Thursday morning, Starbucks released its seasonal Witch’s Brew Frappuccino. The limited-time Halloween beverage comes at the tail end of a year in which White Castle became the first fast food chain to offer the Impossible Burger, we made history by being the first people in Milwaukee to try Sonic Drive-In’s strange Pickle Juice Slush, and 7-Eleven released its limited time Cap’n Crunch’s Crunch Berries Slurpee (and our debit card was compromised when we bought one). The spooky new Starbucks menu item’s introduction also comes about a year after their short-lived (or briefly undead?) Zombie Frappuccino unleashed a nightmare on the abdomens of the American public.
Since we tried last year’s Starbucks Halloween drink—which we deemed to be “more trick than treat”—and survived relatively unscathed, we figured we’d take another trip into the haunted coffee house to see if the Witch’s Brew was any better.
With ingredients like “imaginary bat warts and lizard scales,” and an unholy purple hue, we weren’t quite sure what awaited us.
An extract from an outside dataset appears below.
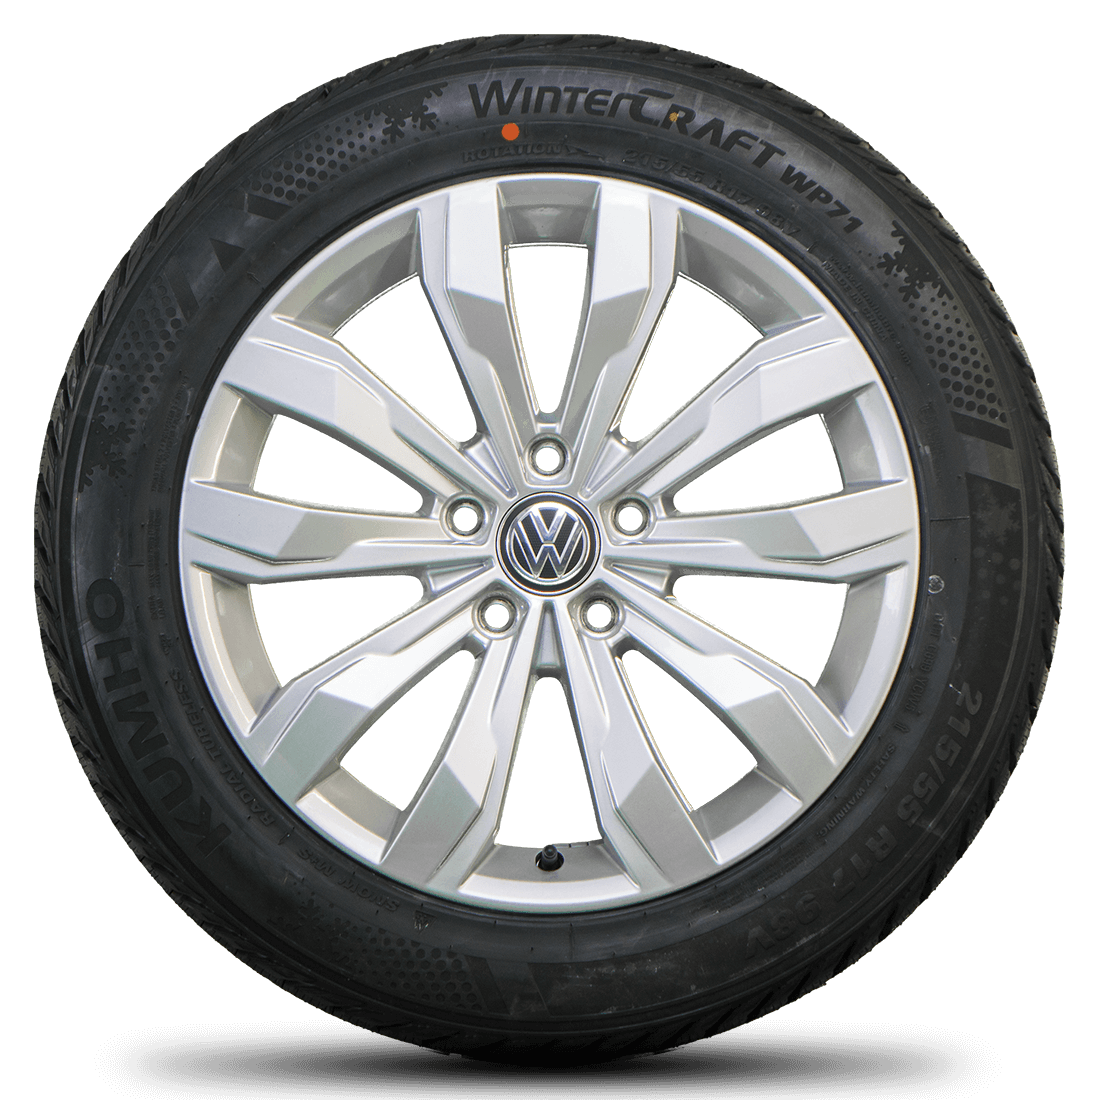 VW 17 inch rims T-Roc A1 Kulmbach aluminum rims winter tires new winter  wheels

After forking over $6.31 (including tax) for a 20-ounce Witch’s Brew, we received our plastic caldron of caffeine, whipped cream, and carbohydrates within a few minutes.
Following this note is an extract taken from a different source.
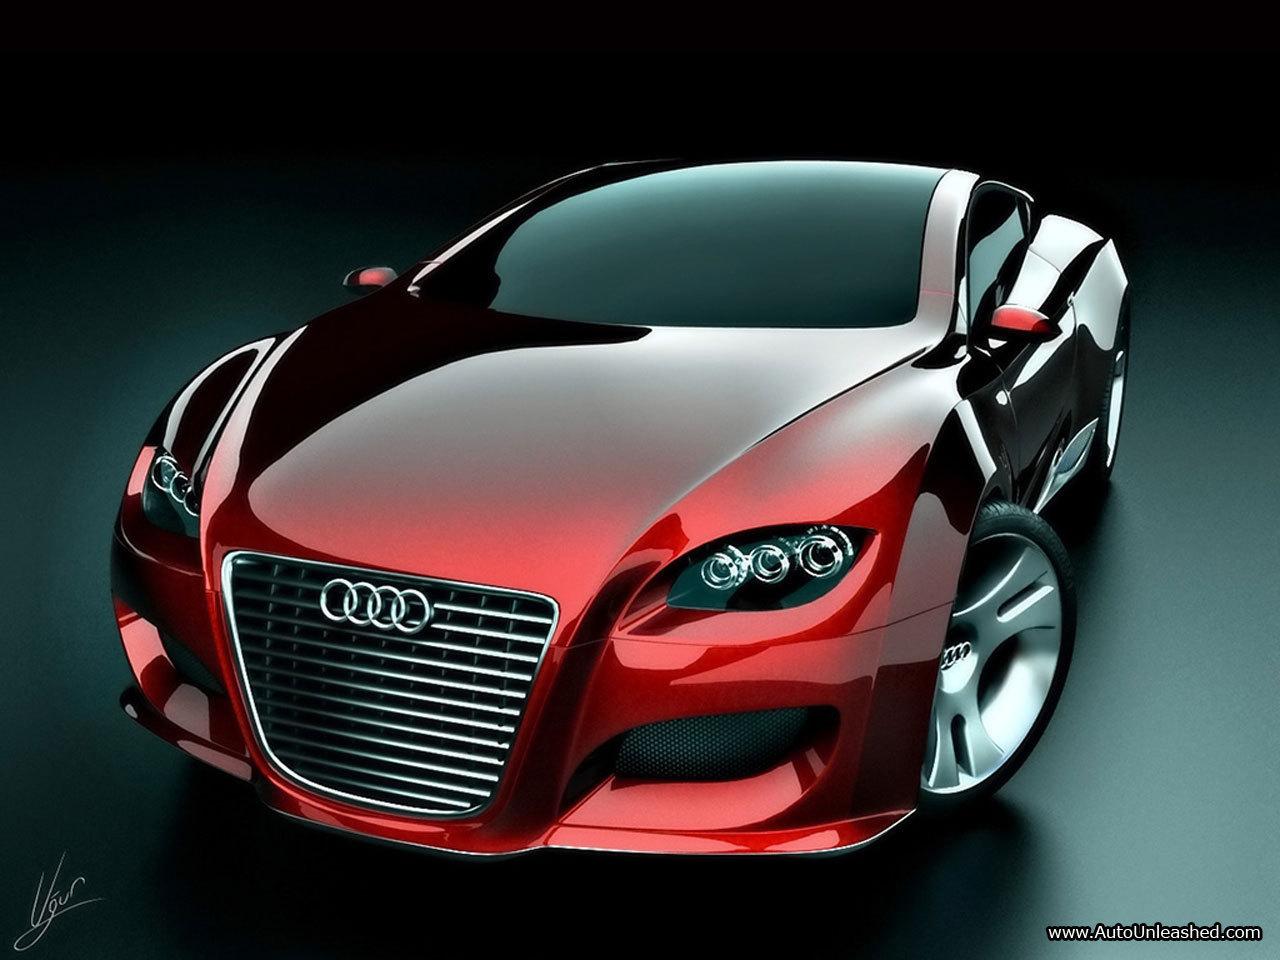 http://1.bp.blogspot.com/-F6vyvNfY4i8/ULiTBwaPeuI/AAAAAAAACRA/FCPvAHrg1nw/s1600/audi+cars+wallpapers-1.jpg

The first sip was perplexing, as we instantly took note of a strong, unmistakable orange cream flavor that seemed to work against what the blended beverage’s color would suggest. We also noticed the purported warts and scales were congealed in various places within the cup in all their green and gooey glory. We slurped a few up and guessed they were frozen chia seeds in green coloring—which the list of ingredients confirmed.
Perhaps the most frightening part of Witch’s Brew is its nutritional facts. Our iced 20-ounce Frappuccino had 480 calories (160 of those from fat), 18 fat grams (11 saturated), and a staggering 67 grams of sugar! Even without the Halloween theme, it’s probably best this is only a seasonal release.
All things considered, Witch’s Brew is much better than the Zombie Frappuccino. That said, it’s still not great. Virtually any tradition coffee, tea or latte without an over-the-top promotional gimmick incorporated is a better use of your money. Especially if it’s from a local retailer. But that probably doesn’t matter. Starbucks just released a weird drink, we wrote about it, and you’re probably going to try it just to see how strange and bad it actually is. It’s the circle of corporate life.
Be sure to check back when [fast food chain] joins forces with [popular type of candy or chip variety] to make [colorful or obnoxiously decadent menu item with 56 grams of fat] to see what we think. Until then, have a happy Halloween!